- [INPUT DATA]:
# # # # # # #

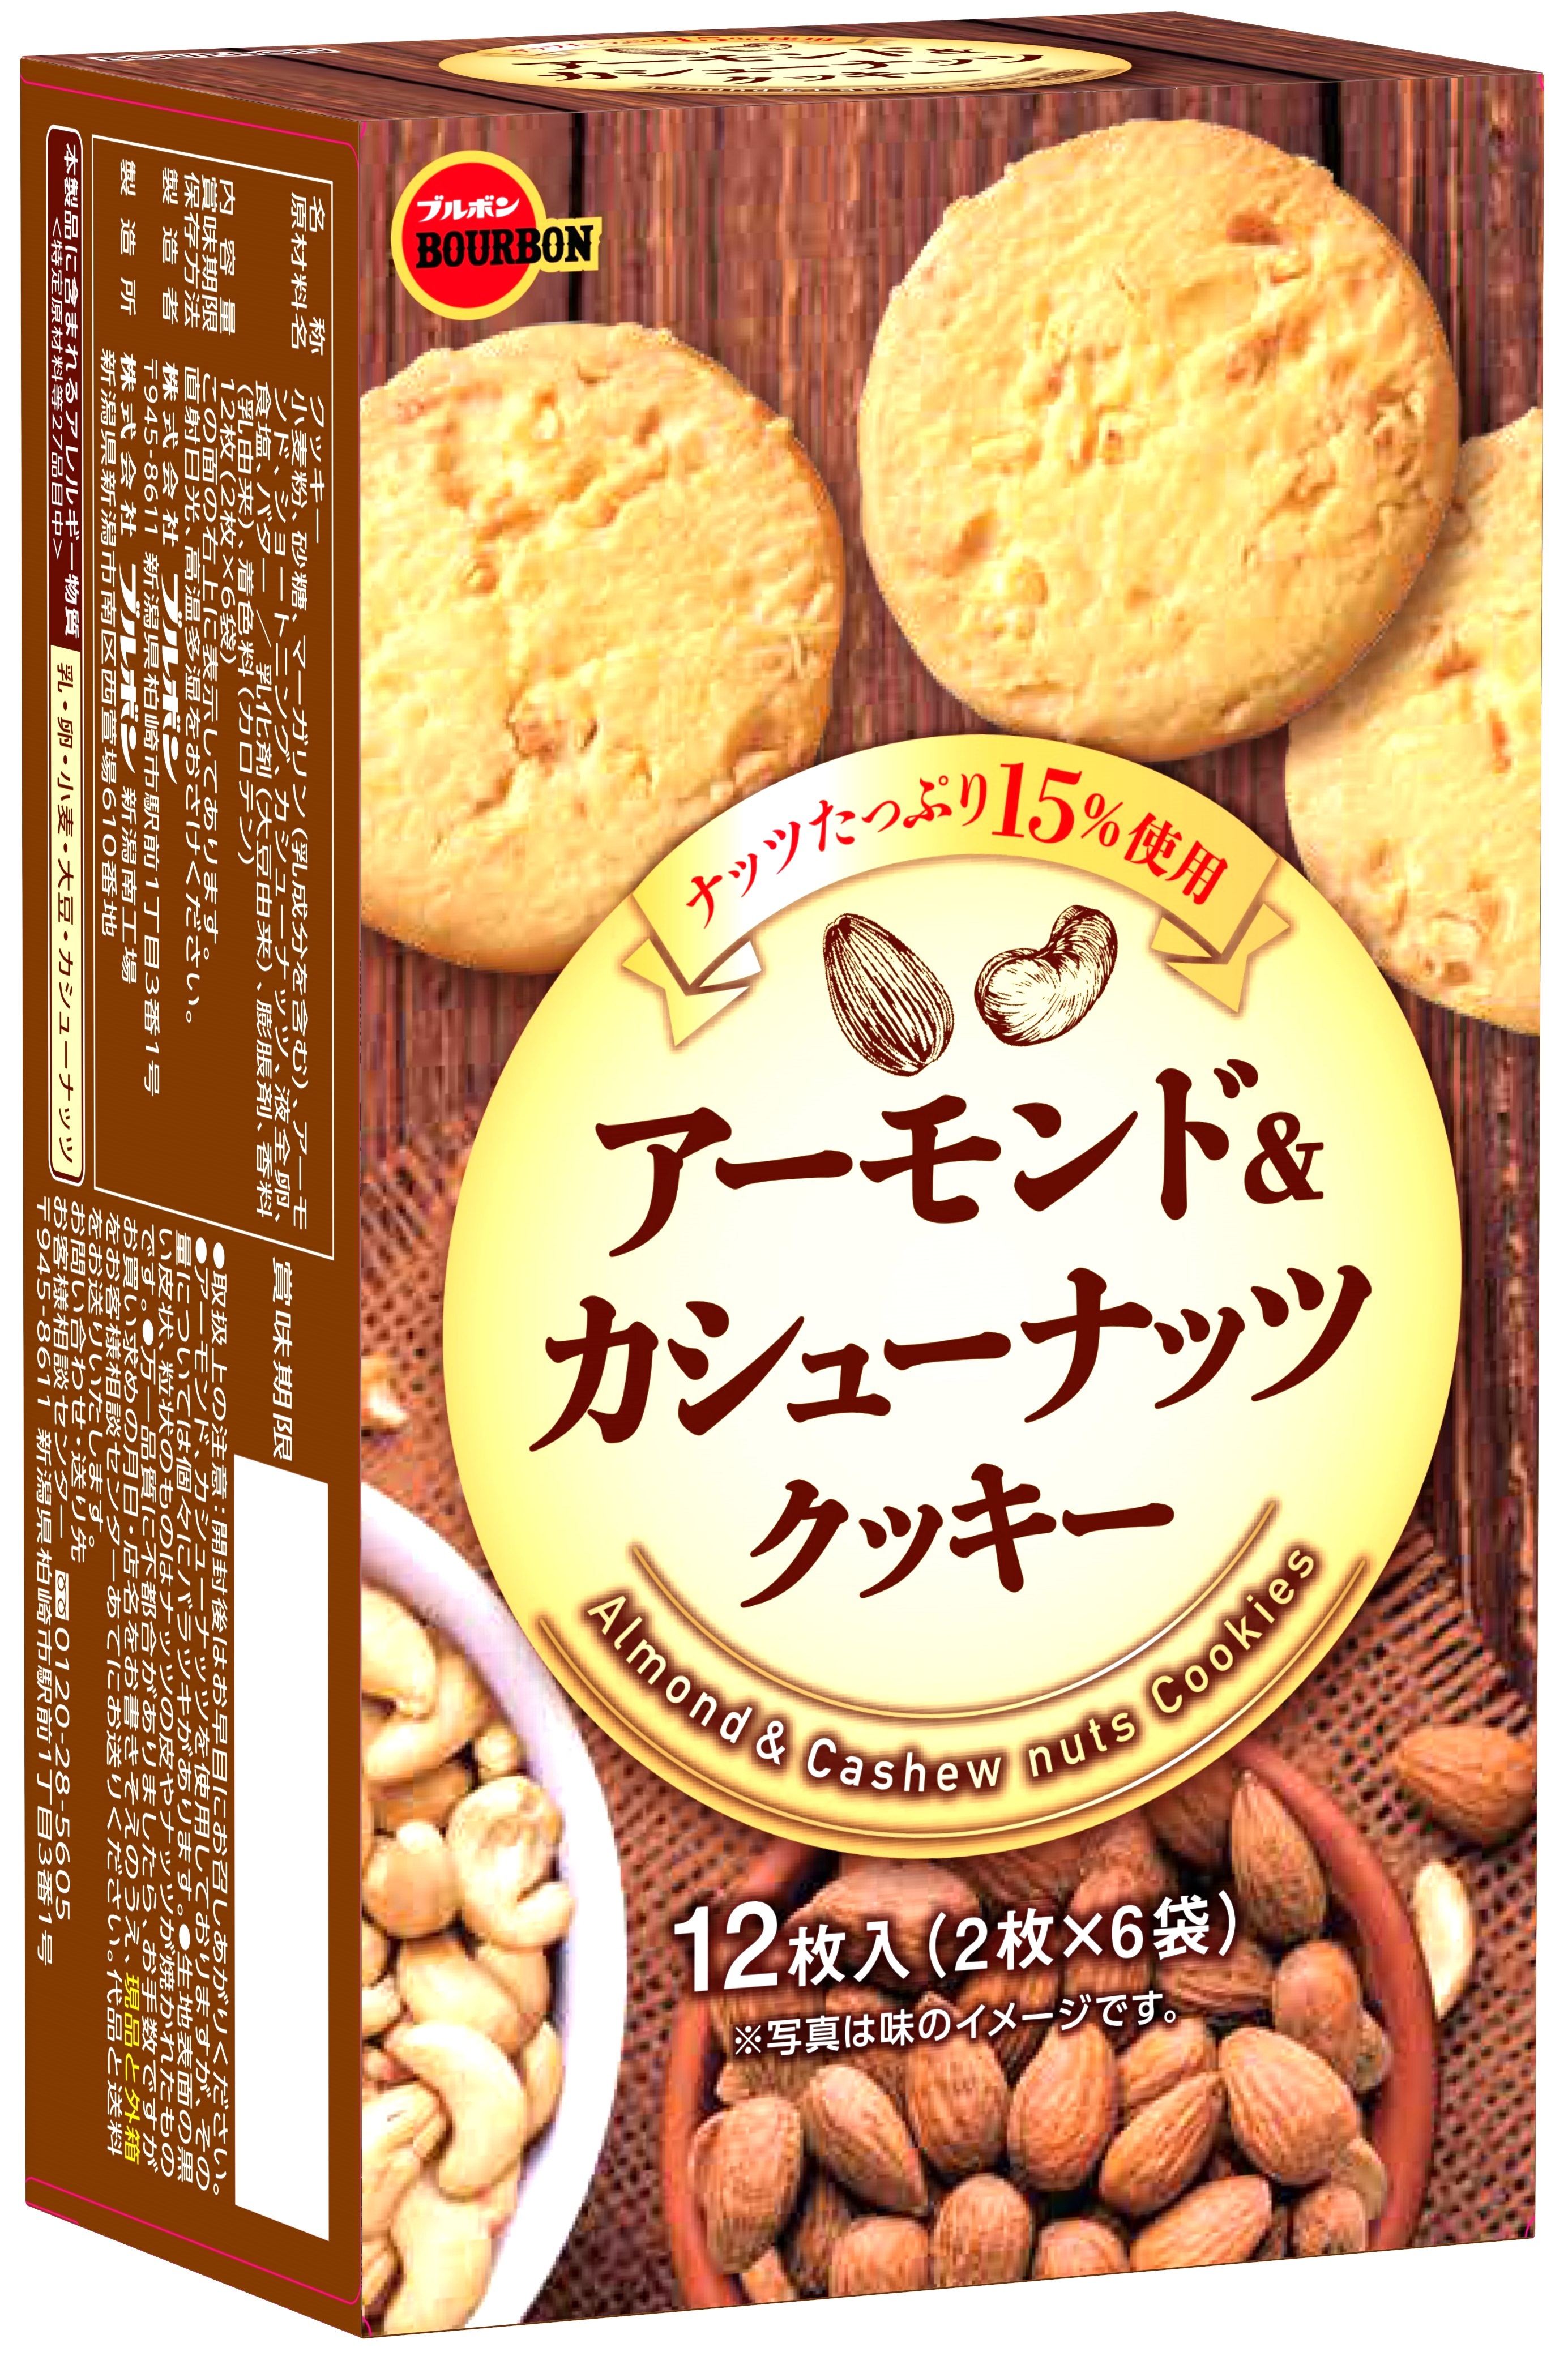 ブルボン、ナッツたっぷりの香ばしい味わい
「アーモンド＆カシューナッツクッキー」を
2月18日(火)に新発売！

# # # # # # #

- [WHAT THE TASK ASKS]:
Everything in the data except the pictures must appear in your answer unchanged.

- [SOLUTION FOR THIS PROBLEM]:
 ブルボン、ナッツたっぷりの香ばしい味わい
「アーモンド＆カシューナッツクッキー」を
2月18日(火)に新発売！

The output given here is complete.